Die Abendroutine ist quasi die späte Schwester der Morgenroutine und kann helfen den Tag ausklingen zu lassen als auch helfen, dass der nächste entspannt beginnt.

Ebenso individuell wie die Morgenroutine ist auch die Abendroutine. Im Gegensatz zum Ritual morgens, welches den Sinn hat uns gut und zentriert in den Tag zu schicken, soll die Routine am Abend dafür sorgen, dass wir den Tag entspannt beenden und ohne Probleme in die Nacht und in unseren Schlaf kommen. Auch hier gilt wieder: Alles, was Du liest, hat lediglich den Anspruch Dich zu inspirieren und mal zu hinterfragen, was Dir abends gut tun könnte, um nach getanem Tagewerk abschalten zu können und zu verhindern, dass Du abends im Bett in Gedanken weiterarbeitest oder Sorgen wälzt, obwohl Du eigentlich schlafen möchtest und somit vielleicht wichtige Stunden in der Nacht verlierst, die Du zum Schlafen und Regenerieren dringend nötig hättest.

Hier folgen also einige Empfehlungen, womit man sich den Abend (und damit auch den darauffolgenden Morgen) erleichtern und verschönern kann:

Keine Medien am Abend

Verzichte in den letzten zwei Stunden, bevor Du tatsächlich das Licht löschst, auf digitale Medien. Das oft noch sehr blaue und grelle Licht der Bildschirme ist für unser Nervensystem am Abend nicht mehr zuträglich und hat negative Auswirkungen auf unseren Schlaf. Es suggeriert uns Tageslicht, weswegen es munter macht, obwohl der Organismus abends eigentlich runterschalten und zur Ruhe kommen sollte. Verzichte daher abends ab einer bestimmten Zeit auf Arbeit am PC oder das Streamen von Filmen, meide Fernseher und den späten Blick aufs Handy. Mindestens zwei Stunden vorm geplanten Zubettgehen solltest Du medialen Einfluß umgehen. Kläre alles, was diesbezüglich zu tun ist, vorher ab.
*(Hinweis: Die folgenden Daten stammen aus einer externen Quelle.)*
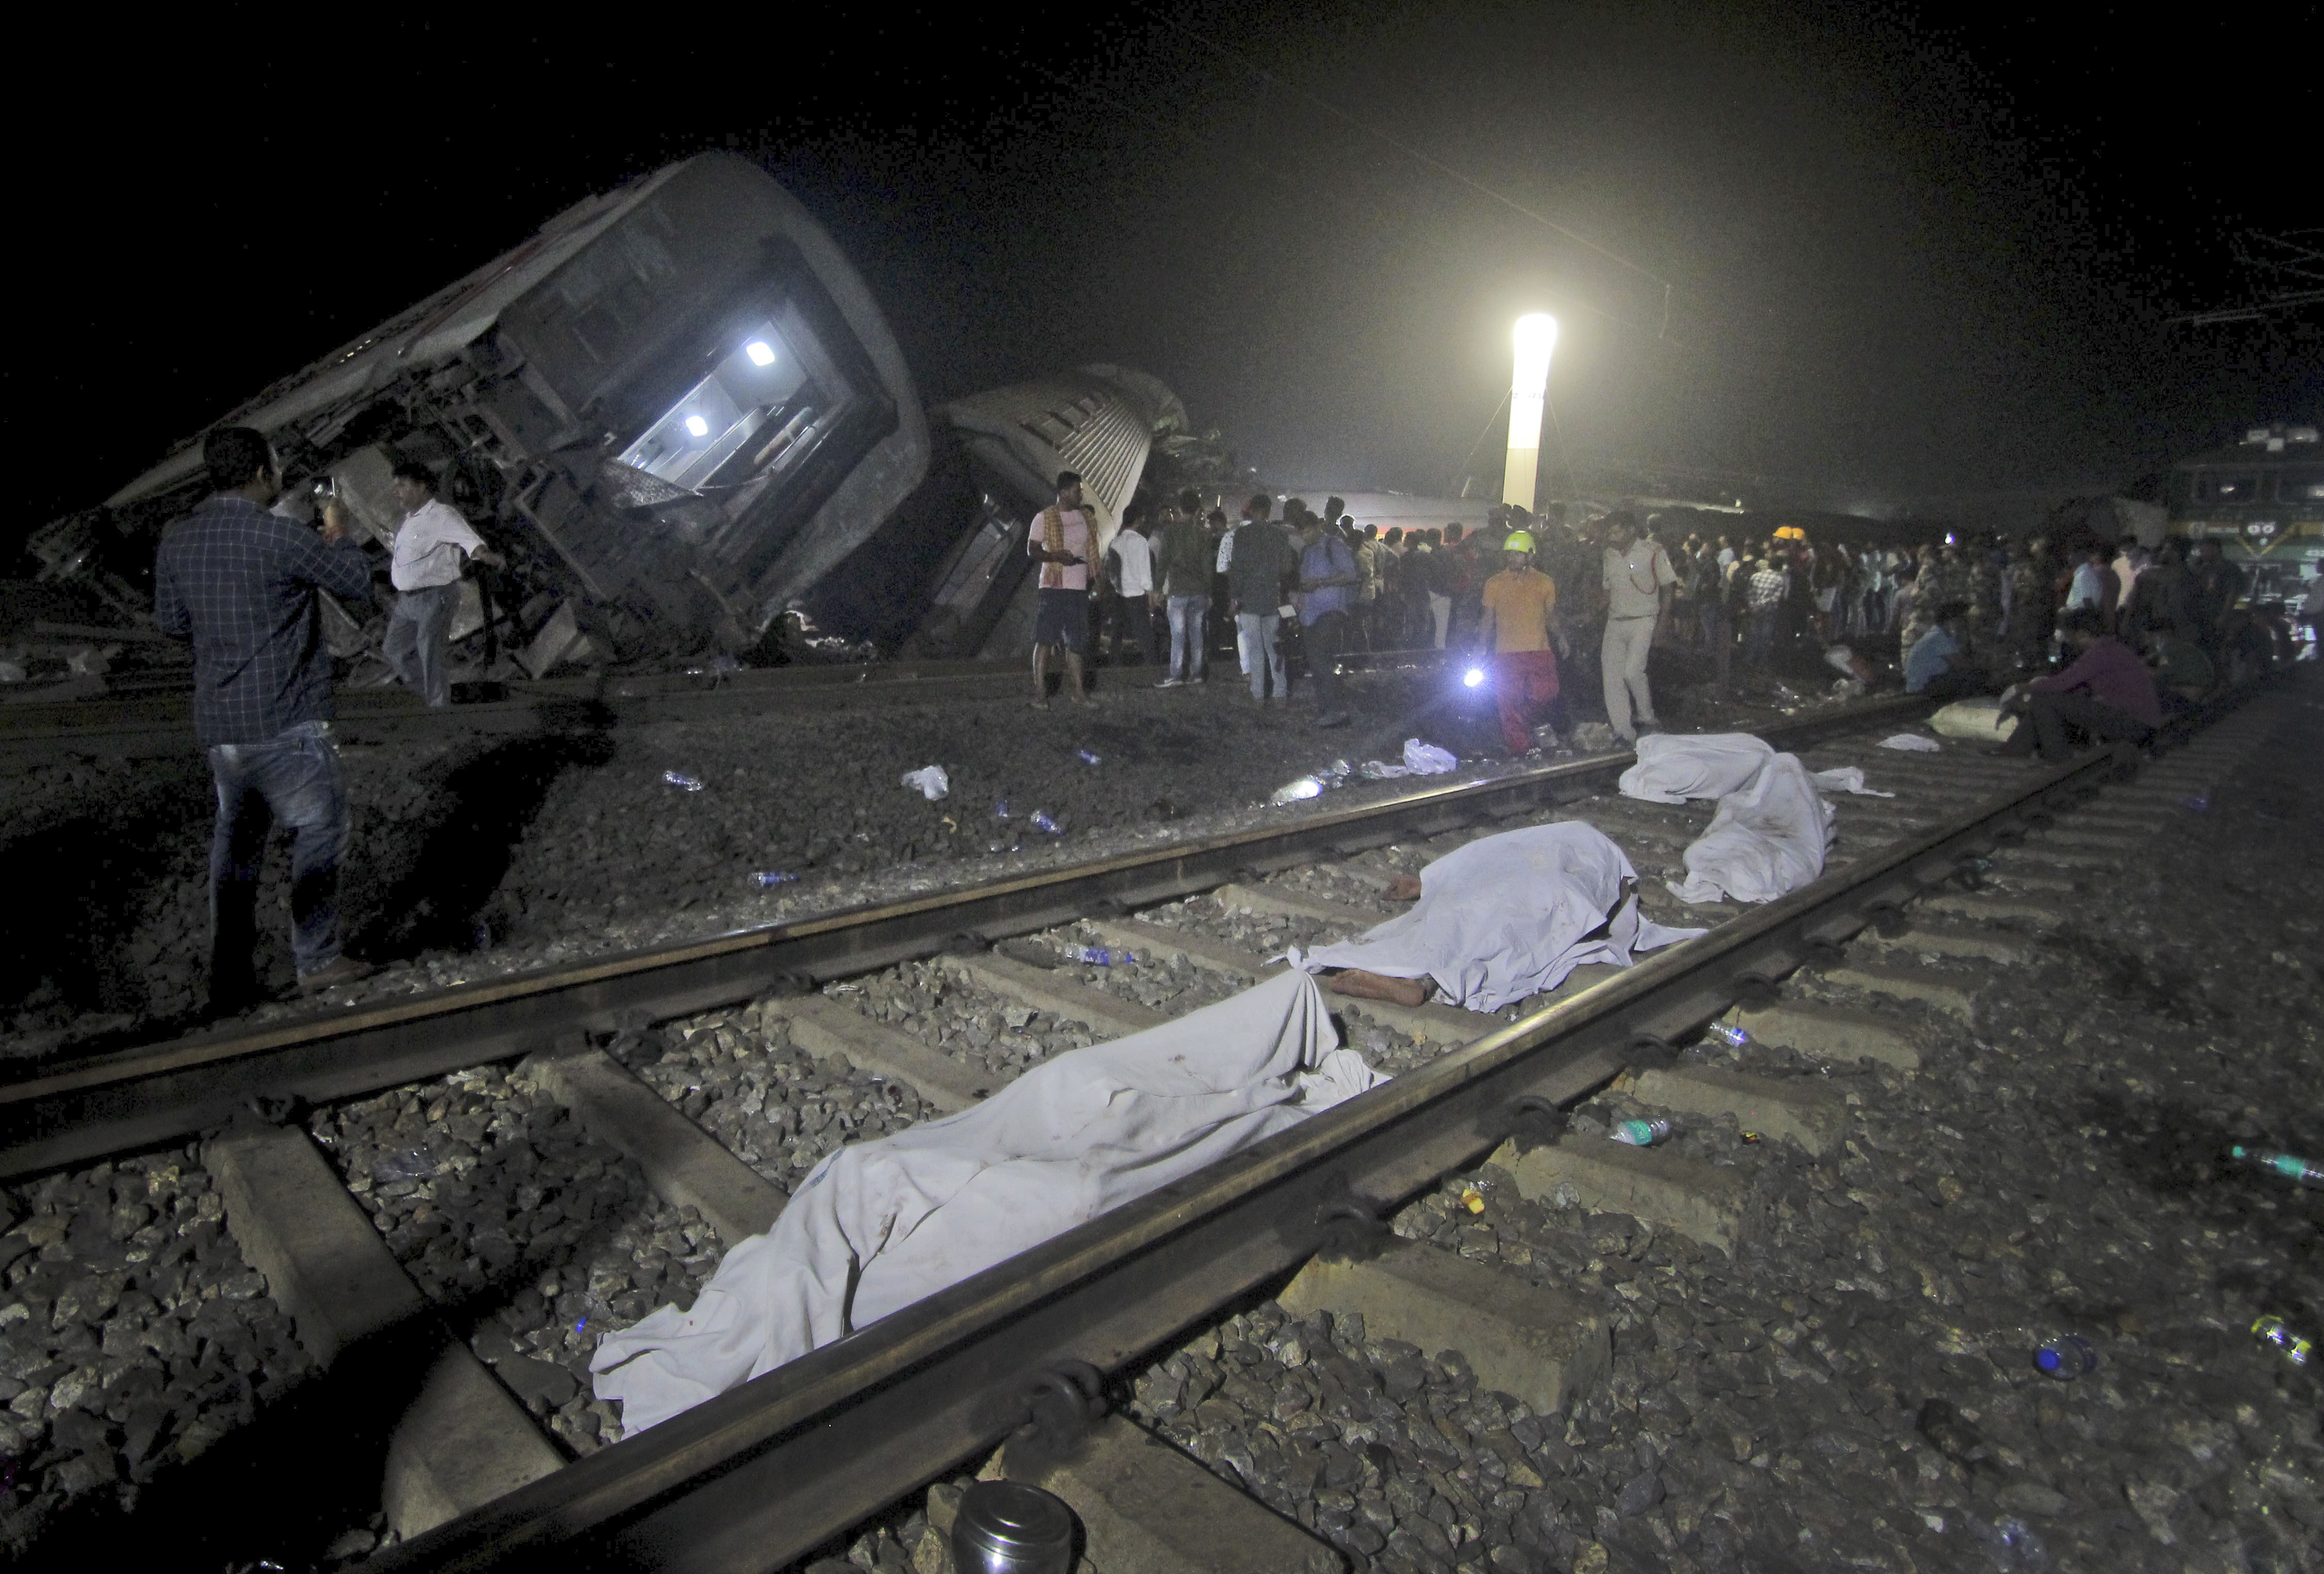 El accidente ferroviario más mortífero del país se remonta al 6 de junio de 1981 en el estado de Bihar (este), donde siete vagones de un tren se precipitaron desde un puente hasta un río causando entre 800 y 1.000 muertos. (AP)

Brettspiele, lesen, schreiben, zeichnen

Statt medialer Beschallung nimm Dir abends lieber Zeit für Deine Familie oder für Dich selbst. Spielt gemeinsam Karten- oder Brettspiele. Zeichne oder tu etwas anderes Kreatives, lies ein Buch oder schreibe noch etwas – aber mit der Hand. Schreib auf, was Dich bis dahin nicht losgelassen hat vom Tag, was Dich noch beschäftigt. Wenn Du schreiben nicht magst, kannst Du es auch anders ausdrücken, vielleicht in Bildern.
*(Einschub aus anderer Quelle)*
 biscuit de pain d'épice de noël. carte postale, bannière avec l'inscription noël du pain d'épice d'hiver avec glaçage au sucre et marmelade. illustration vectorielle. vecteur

Lass Dir nicht nehmen Dich auszudrücken auf eine Art, die Dir entspricht.

Leichte Kost

Gut ist, wenn Du am Abend keine schweren Mahlzeiten mehr zu Dir nimmst. Deine Hauptmahlzeit des Tages sollte wirklich in der Mittagszeit liegen. Abends dagegen ist leichte Kost empfehlenswert, wie beispielsweise eine leichte Suppe. Diese sollte es zwischen 17 – 18 Uhr geben, danach sollte nichts mehr gegessen werden. Sehr vorteilhaft ist, wenn dann auch nicht im Verlauf des Abends hier und da noch genascht wird. Dafür kann noch getrunken werden. Ungesüßte Abend-Bio-Tees oder stilles Wasser sind ideal. Wer allerdings magenempfindlich ist und ab und an mit Reflux zu kämpfen hat, sollte mindestens 4 Stunden vorm Schlafengehen nichts mehr essen und auch 2 Stunden davor nichts mehr trinken.

Abendliche Spaziergänge

Spaziergänge am Abend haben ein ganz besonderes Flair. Der Tag zieht sich langsam zurück, ebenso die Menschen. Daher ist es abends draußen meist viel ruhiger, besonders im Winter. Daher gibt dies einem die Möglichkeit diese Ruhe für sich zu nutzen und bewusst und absichtslos spazieren zu gehen. 20 Minuten reichen dabei völlig aus. Ideal ist natürlich, wenn Du etwas Natur in Deiner Nähe hast, durch die Du schlendern und für eine kleine Weile dem Großstadt-Häuser-Dschungel entkommen kannst.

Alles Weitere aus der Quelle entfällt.